So I know that Grassroots Brewing is essentially Shaun Hill from Hill Farmstead. I know he uses this name a lot when he does colabs. But I can't really find any info on it. Why does he use another name sometimes?
Did a search on here and found this... has some good info in it http://www.beeradvocate.com/community/threads/grassroots-hill-farmstead-relationship.198198/
Why do you use another name online??? Seriously, this is the label for all of Shaun's collaboration beers that aren't brewed at HF... legalese involved, plus the desire to protect the 'pure' brand.
That's not quite correct since there are plenty of Grassroots beers that are not collabs and are brewed at Hill Farmstead by Shaun.
Ive never bothered to look into this, but I've heard it's a distribution thing. Once you hook in w/ a distributor they own the distribution rights of your brand. You see Grassroots outside of HF, which means whoever he distributes through only has rights to distribute the Grassroots brand, not "Hill Farmstead".
Grassroots is also Shaun's distribution branch of his business so he can legally be both 1st & 2nd tier...https://sites.google.com/a/hillfarmstead.com/grassroots-distribution/ I know that Grassroots was Hill Farmstead's predecessor. I think it was the name of the brewery he was planning before he went over to Denmark...someone can correct me here if I'm wrong.
Collaboration with other brewers go under the Grassroots label: Convivial w/ Dan Suarez; Brother Soigné w/ Luc LaFontaine; Bliss of Absence w/ Anders Kissmeyer. Though not sure how Jackie O and Crooked Stave collabs ended up with HF labels...
I still think it's more complicated than that. There are labels like La Vermontoise and Lemon Cello which are brewed elsewhere but have the Hill Farmstead logo. And vice versa Le Sarrasin and Daybreak which are brewed in Greensboro and have the Hill Farmstead logo but also bare the collab breweries' logos, albeit with La Sarrasin having a drastically different design than normal Hill Farmstead labels.

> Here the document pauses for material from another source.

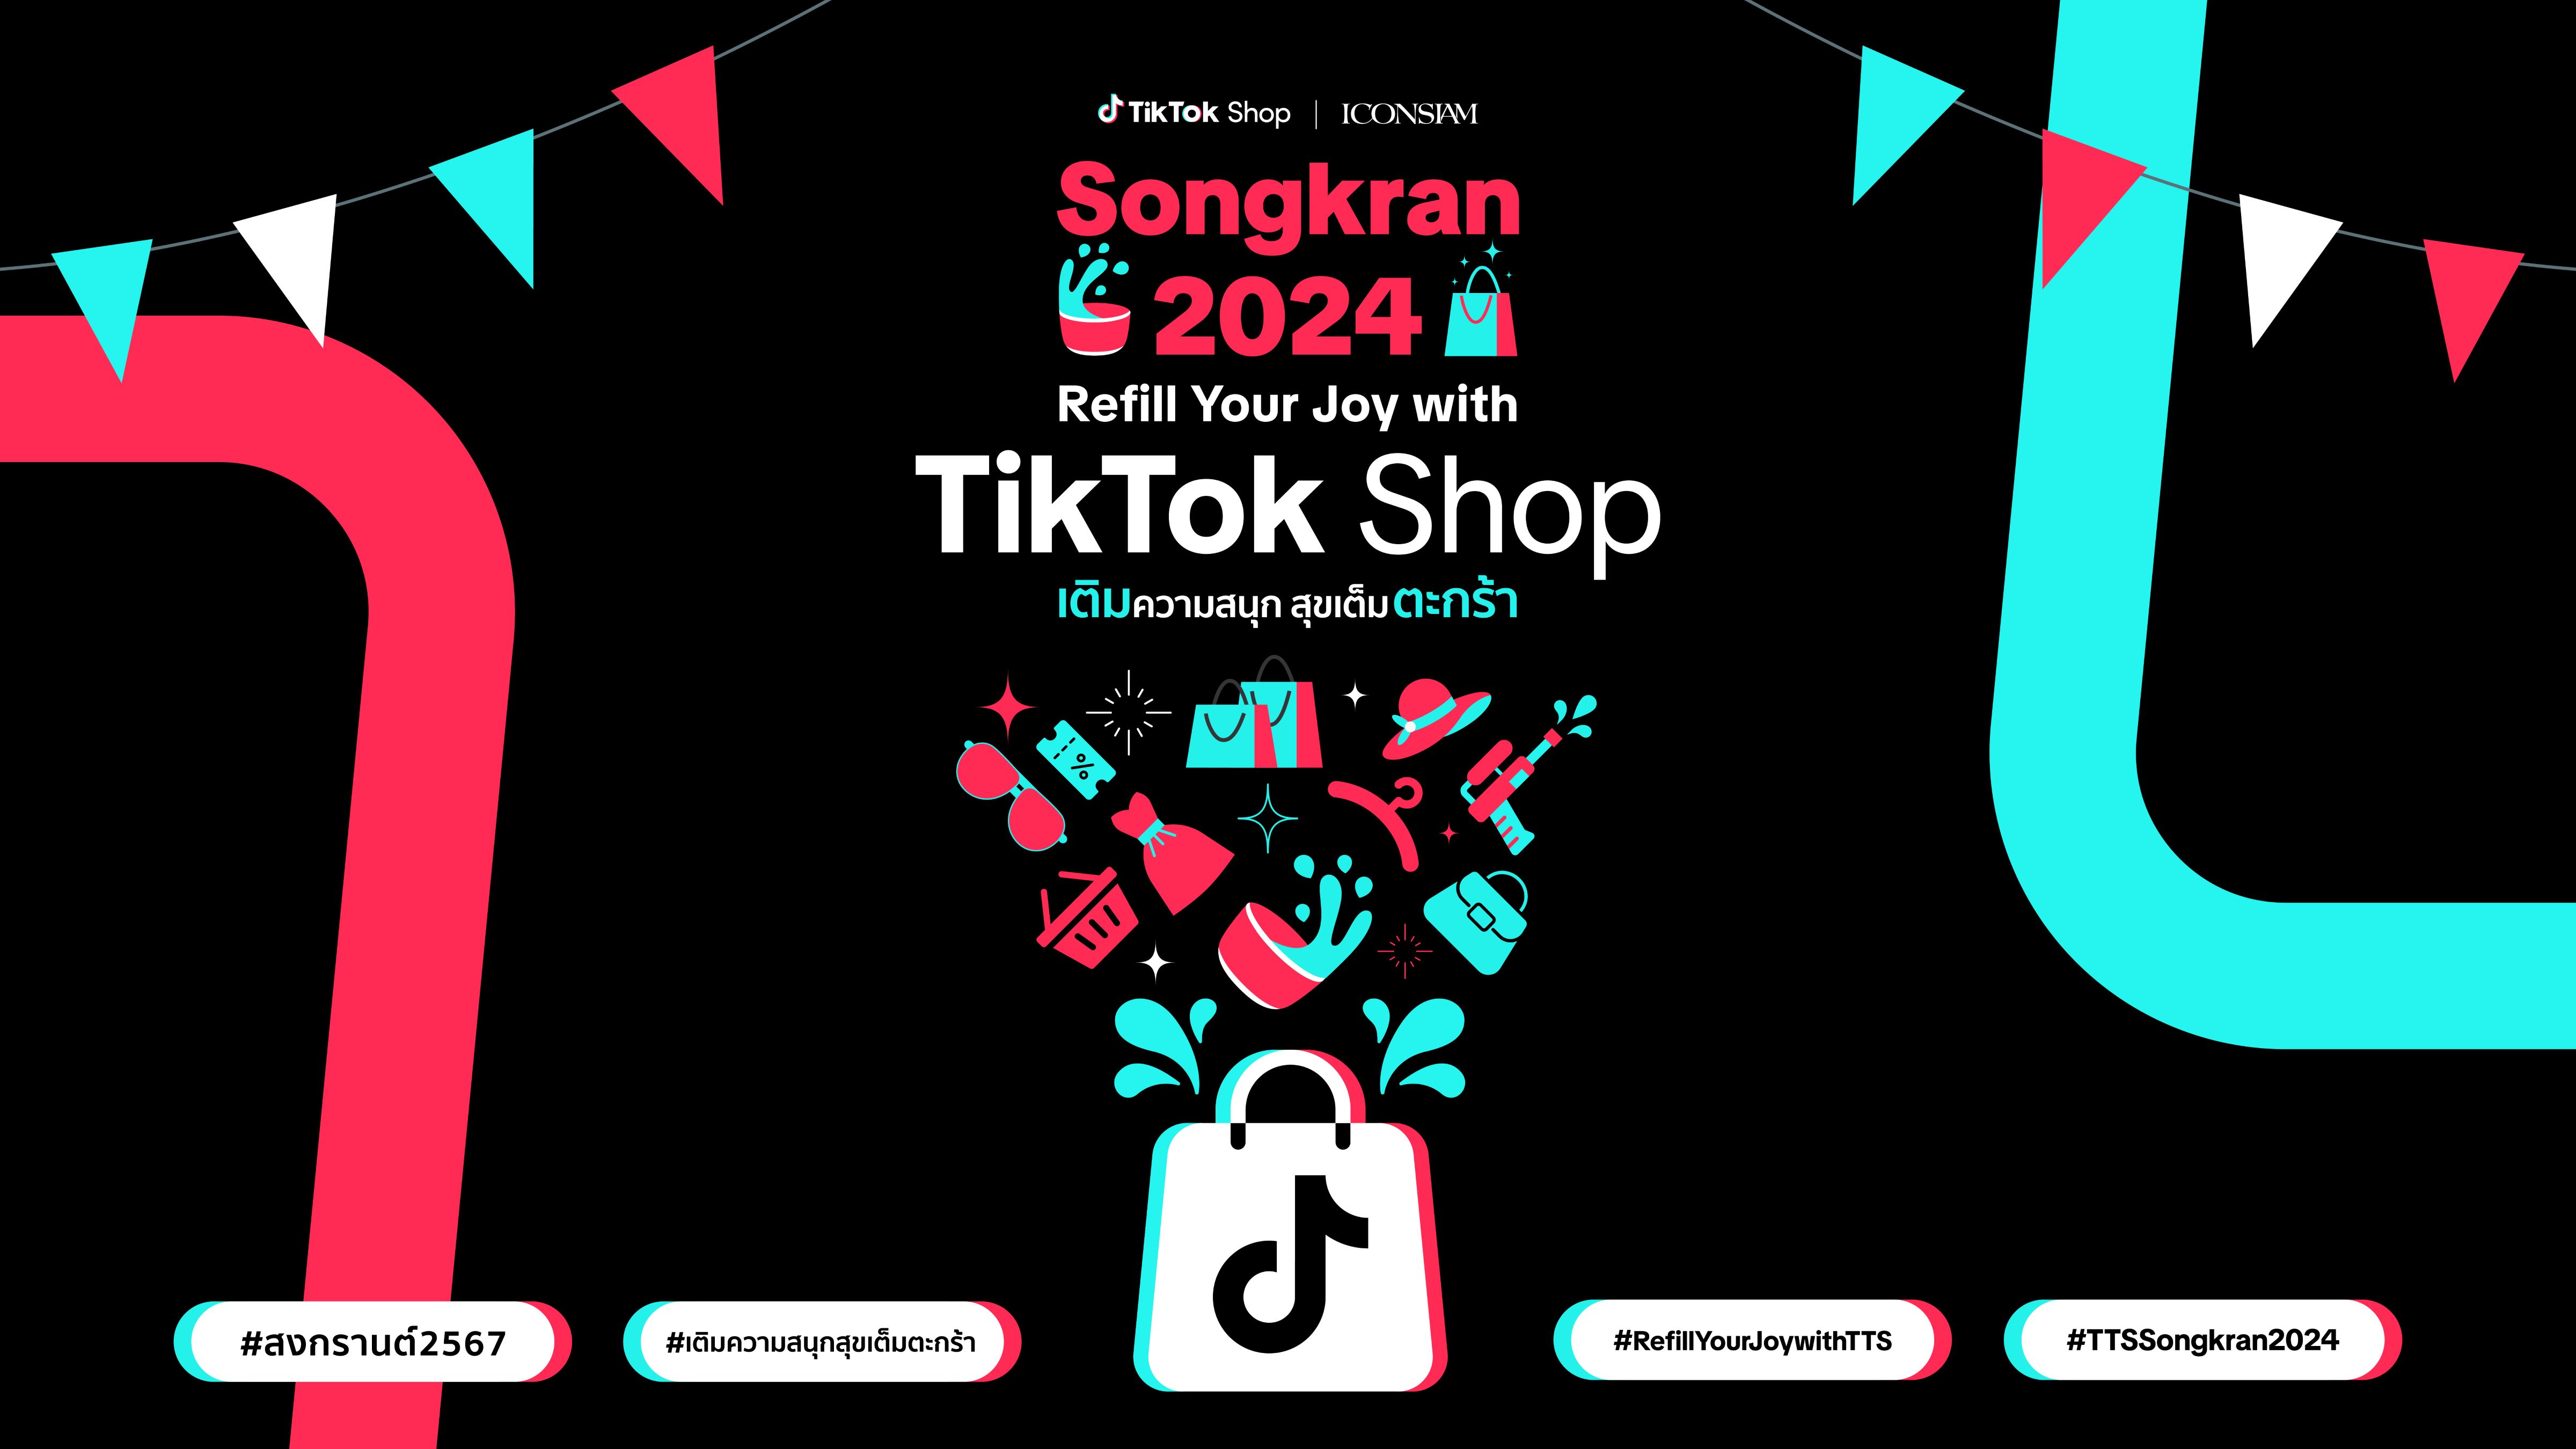 TikTok Shop หนุนซอฟต์พาวเวอร์ไทย โปรโมทสินค้าไทย จัดใหญ่ร่วมฉลอง Songkran 2024

I posted in that linked thread about the history of the brand from what I could gather. As for which beers go where, after looking at it and the inconsistencies I think it has to do with what "series" a beer is in. Most collabs go under Grassroots, unless Shaun wants the beer to fit into a HF series (or possible he just thinks it's going to be really good and worthy of HF name, like Le Sarrasin). Might also have to do with who actually formulates the recipe more than where it is brewed.
It's definitely more art than science, and I think you have whatever "formula" there is pretty well down. I'd add that if a beer is going to have a big Hill Farmstead label on the front, it's almost certainly going to be brewed there. HF-tagged collabs brewed (Lemon Cello, etc.) elsewhere have tended to play down the association. I'd mildly disagree about "worthy of HF name": Grassroots Legitimacy is, IMHO, one of the best IPAs to come out of Greensboro.
Agree with the more art than science. Generally it is certainly more of a collaboration or gypsy beer thing. There has been some odd use of the hill farmstead name recently though on grassroots beer to make it more clear. Best instance of this is to compare batch one and two of arctic saison. One in the text alludes to a vt farmstead brewery. Two calls out hill farmstead explicitly. I think some of this is just for sales purposes. When batch one was released in some markets it was clear that the beer was not bought up as quickly as it might have been if it was explicitly at hill farmstead product. When that was made more explicit things changed a little, at least in the sd market. That said, what qualifies as grassroots is often something that really is just able to be distributed outside vt. This means more often than not that enough was produced to merit a wider distribution.